Now consider the new function $\tilde{f}(x)=f(x)+x'Ax$ with some $A\succeq\mathbf{0}$. Let $\{\tilde{x}^k\}_k$ be the sequence generated by Gradient Descent algorithm with **the same** initial point $\tilde{x}^0=x^0$ and step-size $0<\alpha<2/L$:
\begin{equation}
\tilde{x}^{k+1}=\tilde{x}^k-\alpha\nabla \tilde{f} (\tilde{x}^k).
\end{equation}

**Can we prove that $\mathrm{dist}\left(\{\tilde{x}^k\}_k,\{{x}^k\}_k\right)$ is uniformly bounded, independent of $A$ and step-size $\alpha$?**

I tried to prove it by assuming existence of a compact sublevel set $\mathcal{L}=\{x:f(x)\leq f(x^0)\}$ and using the fact that Gradient Descent generates a decreasing sequence of objective values (implying that the sequence remains in the compact sublevel set). However I cannot prove existence of a set independent of both $A$ and $\alpha$.

 

[jvicens]

I would like to point out that the statement as it is currently written is not entirely clear.
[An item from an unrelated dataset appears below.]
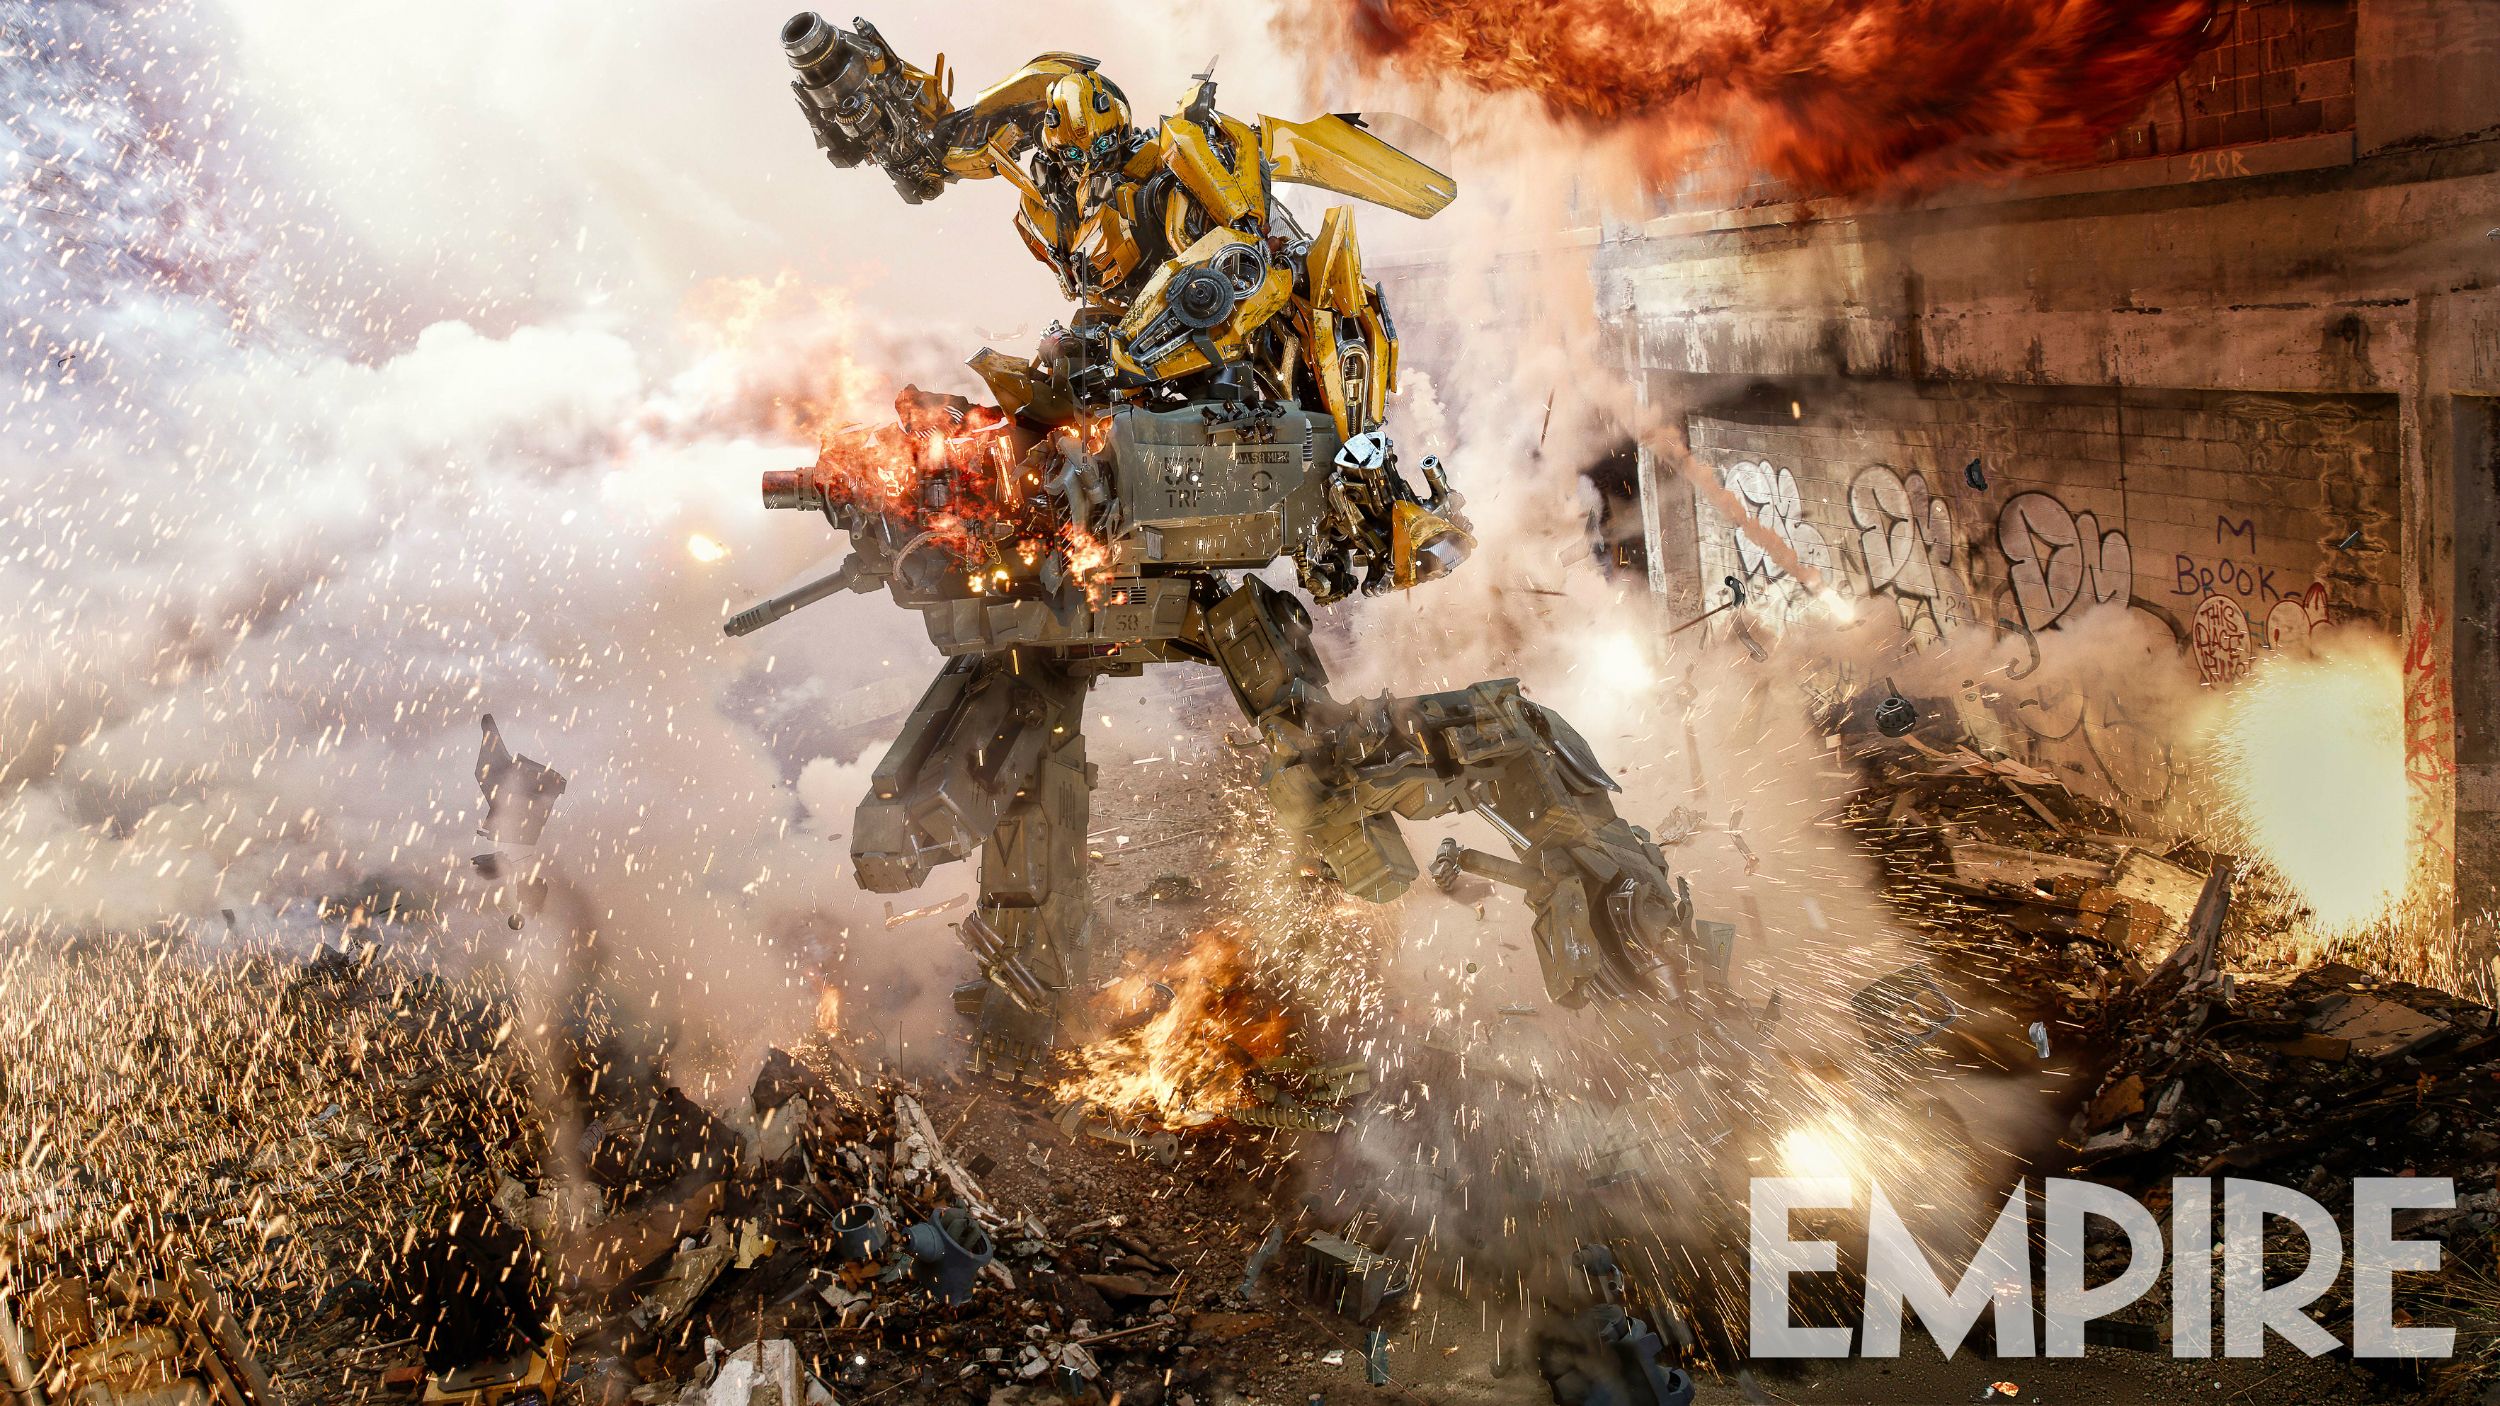 Bumblebee Lays the Smackdown in New Transformers 5 Image
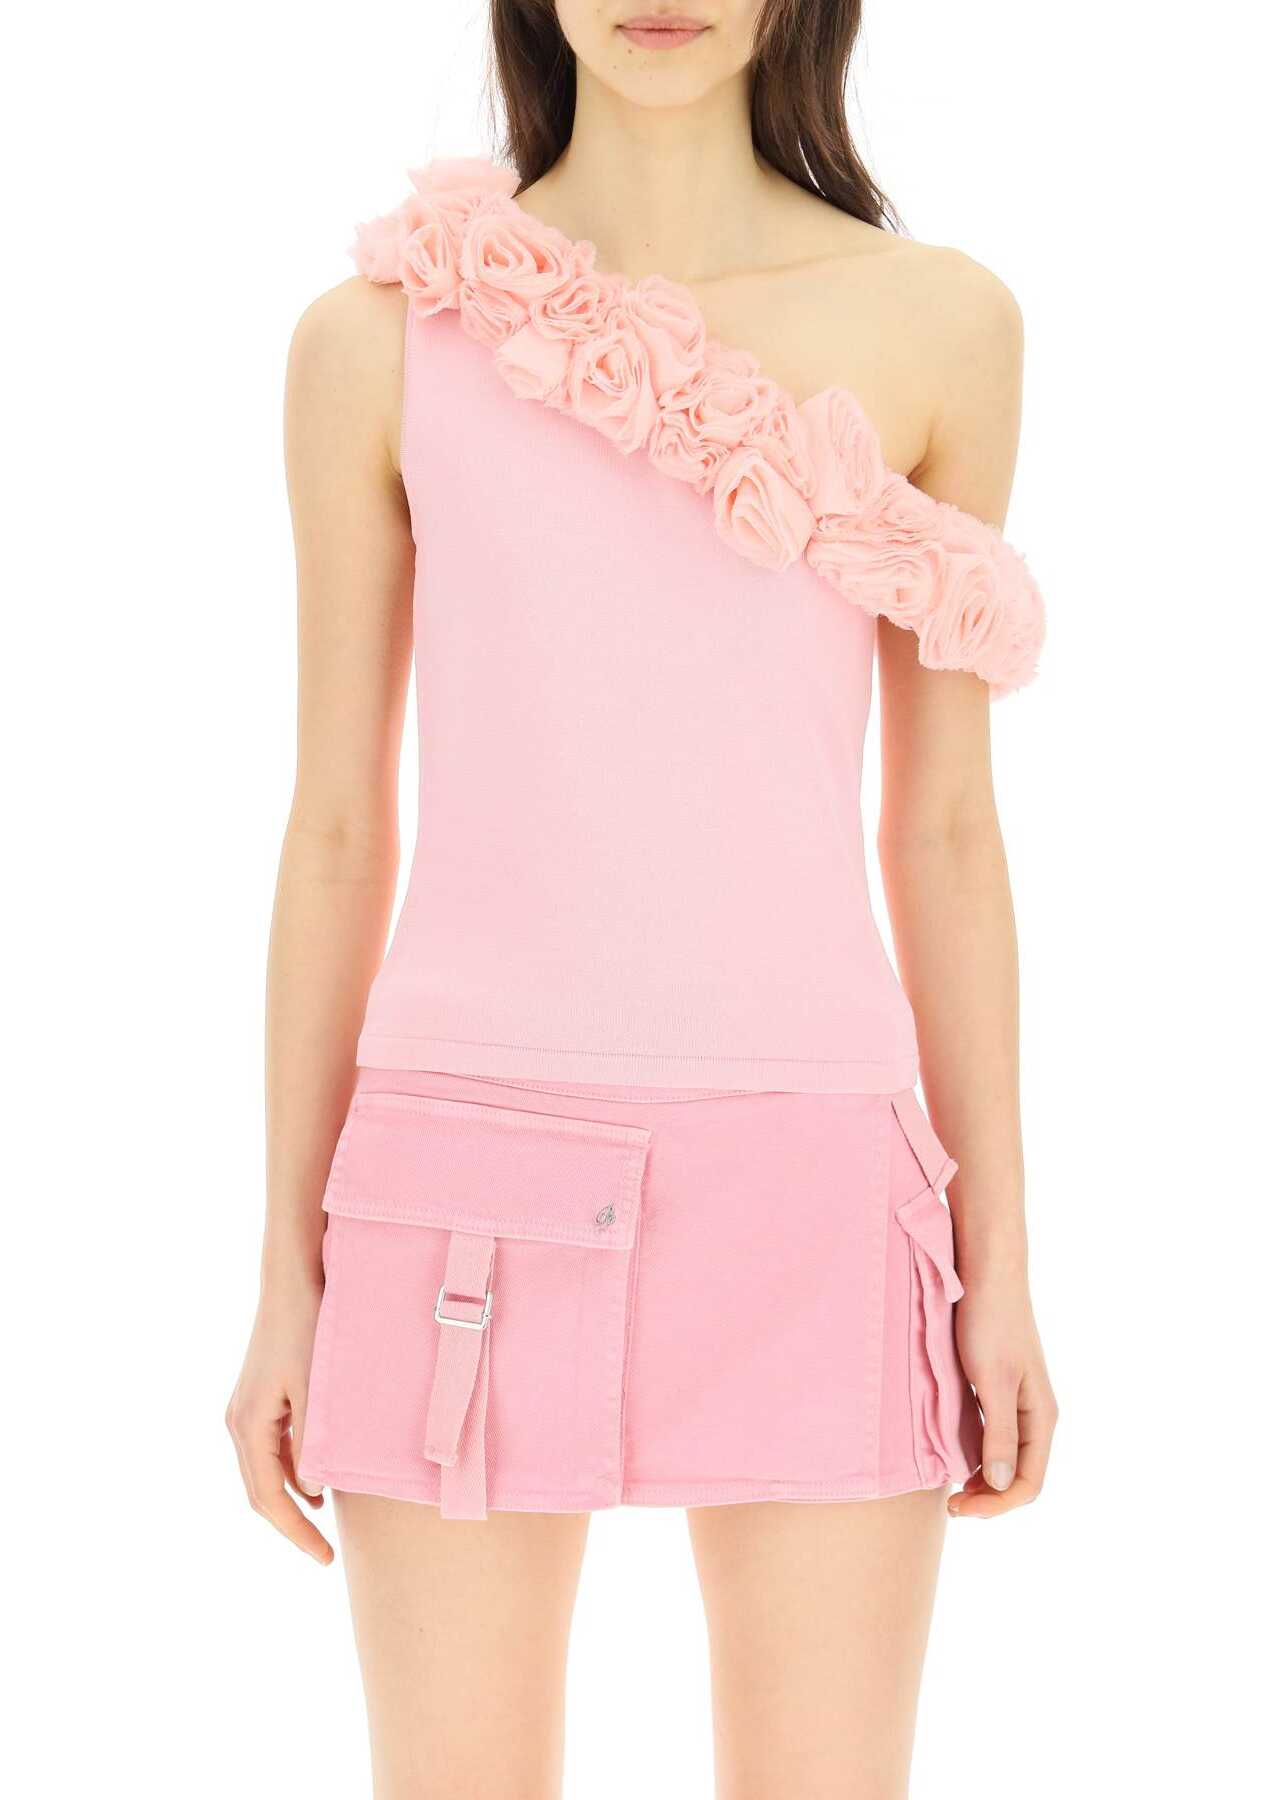 Blumarine One-Shoulder Top With Roses PEONIA image2

It is not specified what is meant by the distance between the two sequences, and it is not clear what is meant by "uniformly bounded". Is it meant to be bounded by a constant, or by a function of $k$? Furthermore, the notation used for the two sequences is inconsistent, as one uses $\{x^k\}_k$ and the other uses $\{\tilde{x}^k\}_k$.

Assuming that the distance between the two sequences refers to the Euclidean distance between the points in the sequences, and that "uniformly bounded" means bounded by a constant, I would approach this problem by considering the Lipschitz continuity of the gradient of the original function $f$. Since $f$ has a Lipschitz continuous gradient with constant $L$, we know that for any two points $x,y$, the following inequality holds:
\begin{equation}
|\nabla f(x)-\nabla f(y)| \leq L|x-y|.
\end{equation}
Using this, we can show that the distance between the points in the two sequences is bounded by a constant. Let $d_k=|x^k-\tilde{x}^k|$, then we have:
\begin{align}
d_{k+1} &= |x^{k+1}-\tilde{x}^{k+1}| \\
&= |x^k-\alpha\nabla f(x^k)-\tilde{x}^k+\alpha\nabla \tilde{f}(\tilde{x}^k)| \\
&= |d_k-\alpha(\nabla f(x^k)-\nabla \tilde{f}(\tilde{x}^k))| \\
&\leq |d_k|+\alpha|\nabla f(x^k)-\nabla \tilde{f}(\tilde{x}^k)| \\
&\leq |d_k|+\alpha L|x^k-\tilde{x}^k| \\
&= (1+\alpha L)d_k.
\end{align}
Thus, we have shown that the distance between the points in the two sequences is bounded by a constant, specifically $(1+\alpha L)^k$. This bound is independent of $